A real GIMPS math thought - Page 5

CRGreathouse · 2011-06-06, 01:01

Quote:

Originally Posted by science_man_88

1/x=0 when x= $\infty$

(1/x)*x = 1 if I remember correct.

0*x=1 ? doesn't seem to work out so it looks as though anything based in what I believe is called Peano arithmetic makes 1/ $\infty$ = 0 impossible.

$\infty\not\in\mathbb{R}.$ Don't use rules from $\mathbb{R}$ on objects not in it.

R.D. Silverman · 2011-06-06, 01:58

Quote:

Originally Posted by R.D. Silverman

That will teach me to try (too quickly!) to find a simple explanation
for something subtle. Obviously, I had a quaalude moment....

You are correct. They both go to zero. MAJOR Brain damage on my
part. For some reason, I was thinking about 1/[floor(x) - x)]...... Idiot

This is subtle...

Let me look at it again without invoking Euler-MacLauren summation.....

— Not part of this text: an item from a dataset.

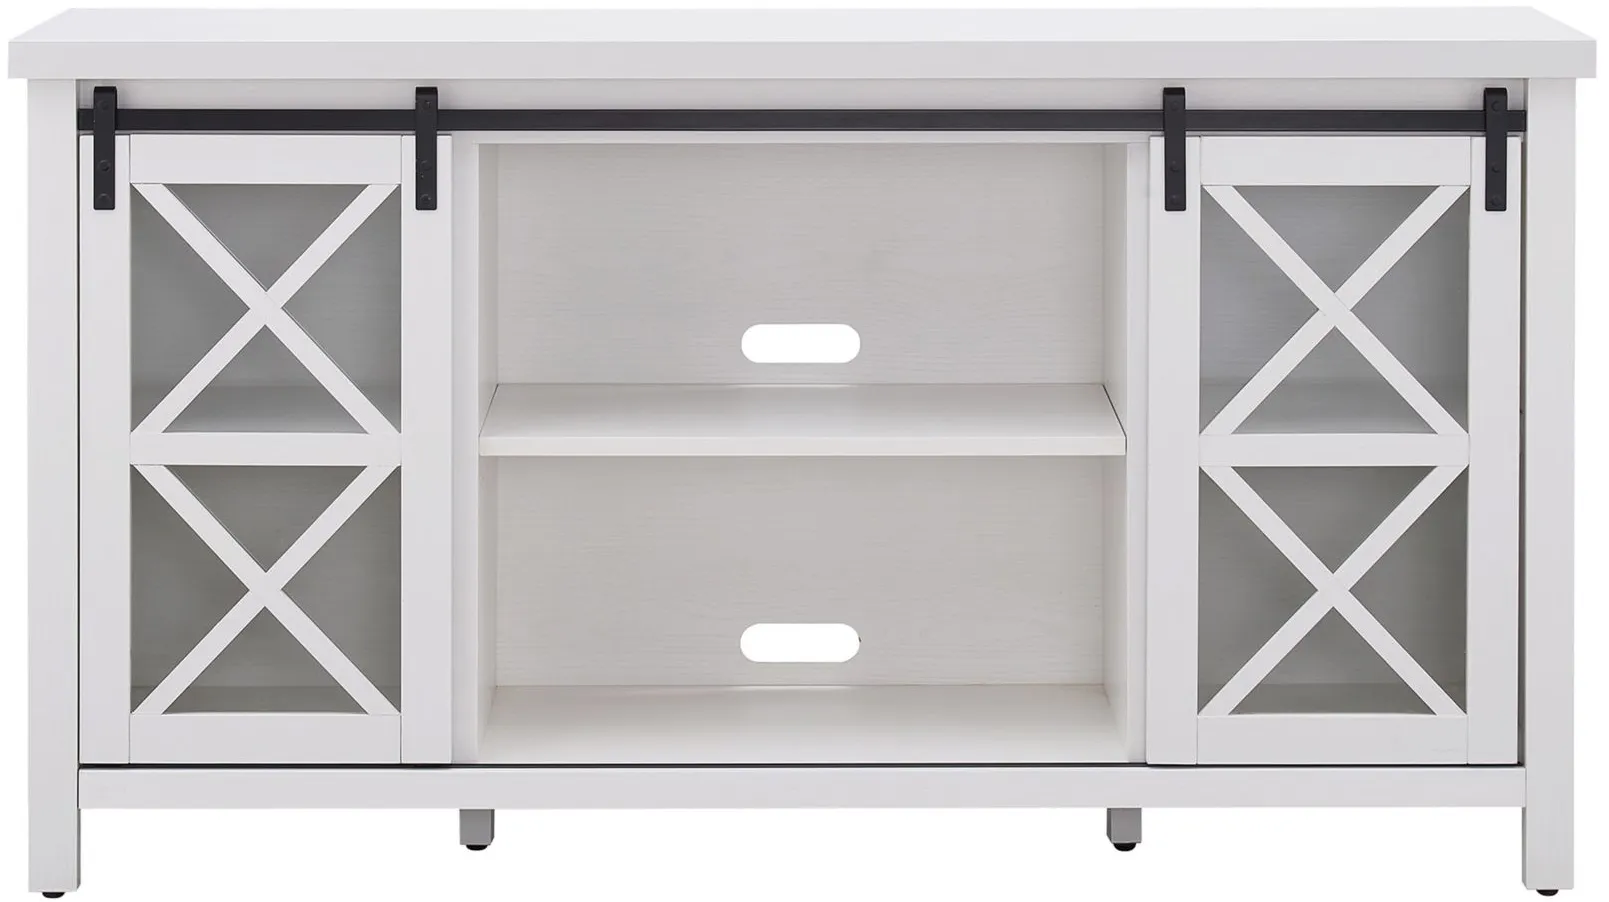 Smith 58" TV Stand in White by Hudson & Canal
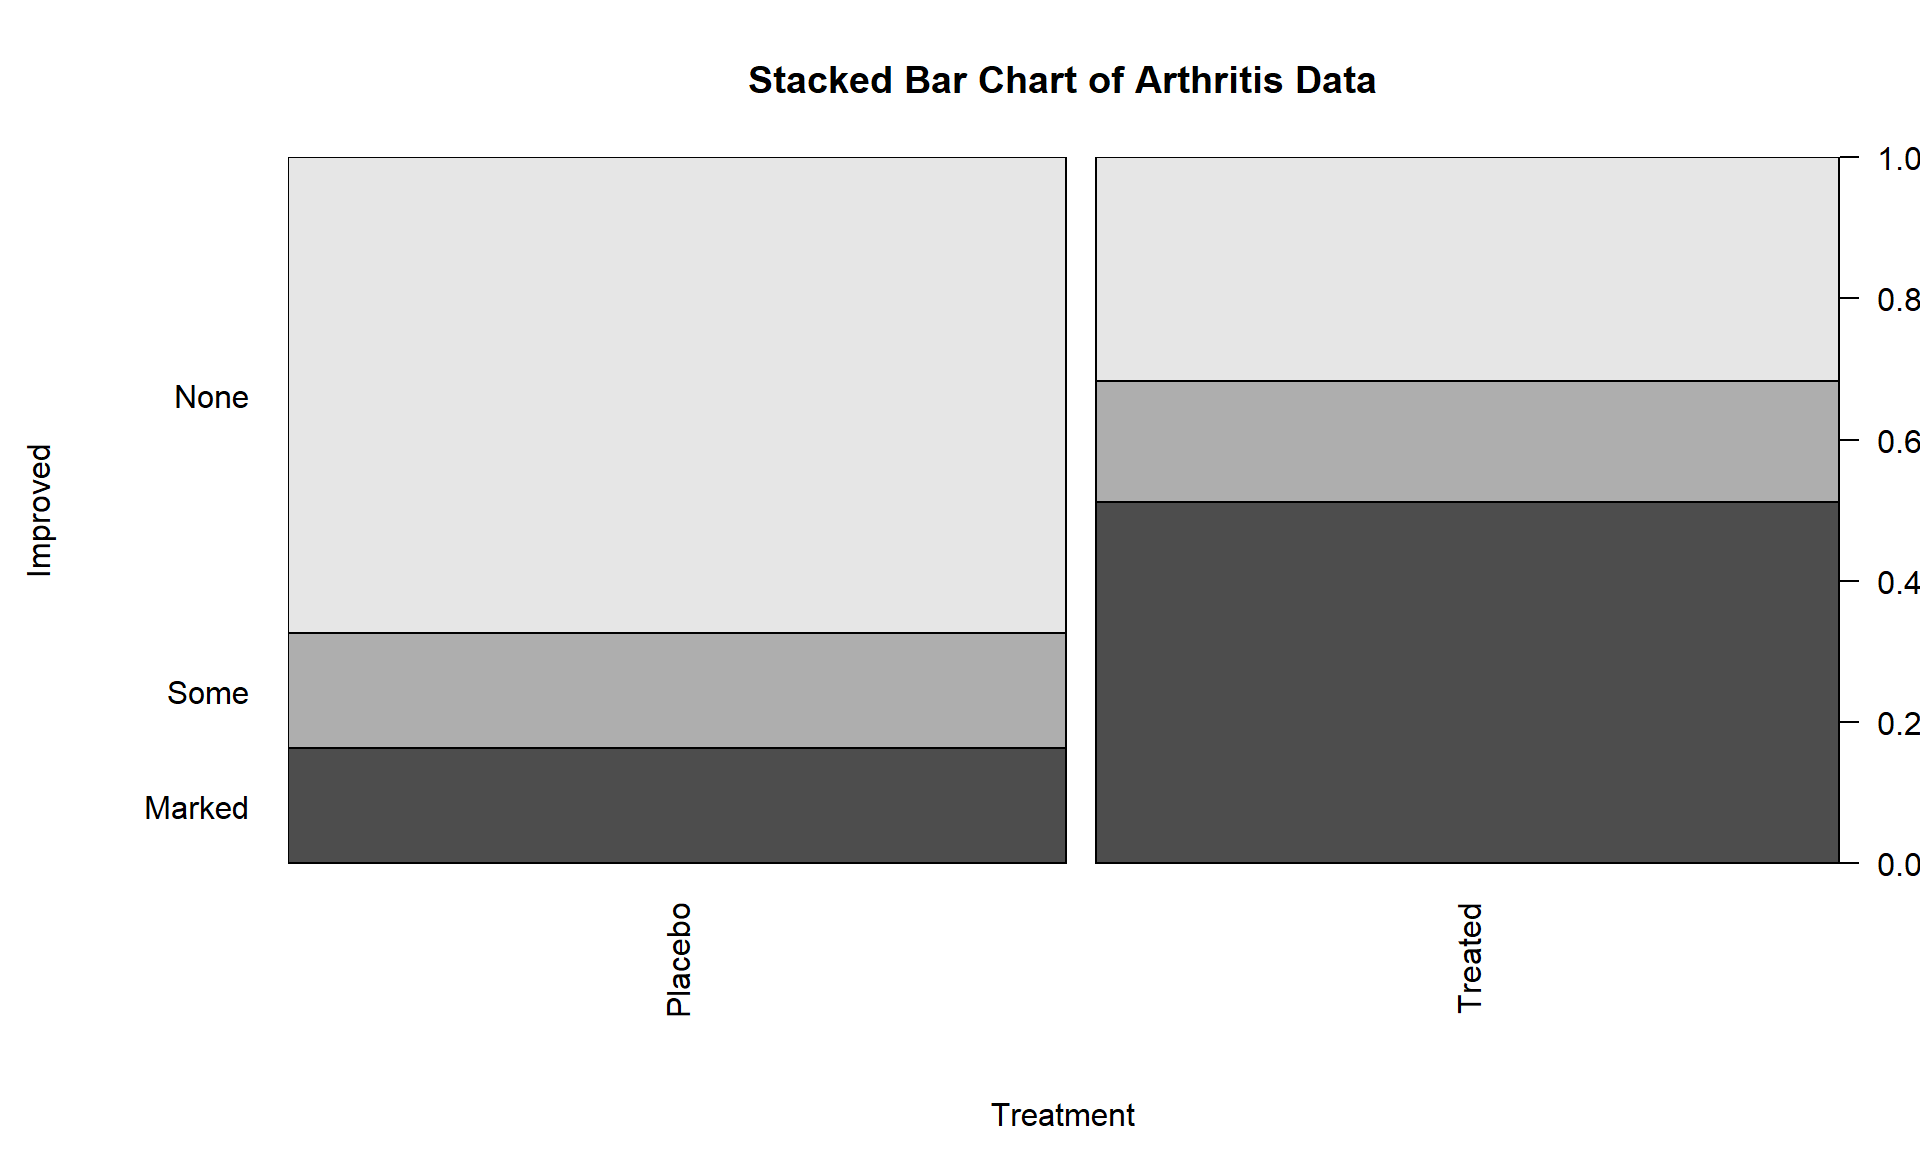 Stacked bar chart of the Arthritis data comparing Treated and Placebo.

Everyone can award me the dunce-of-the-week award. The integral does
converge. Re-write it as:

limit a-->oo integral from 1 to a of (1/floor(x) - 1/x)dx

Call the kernel g(x). This is then:

limit a-->oo [ integral from 1 to 2 g(x)dx + integral 2 to 3 g(x) dx + ......+
integral a-1 to a g(x) dx]

What happens is that everything TELESCOPES...... It doesn't matter
that one winds up subtracting two infinite quantities. One winds up with
$\gamma$ .

Major stupidity on my part.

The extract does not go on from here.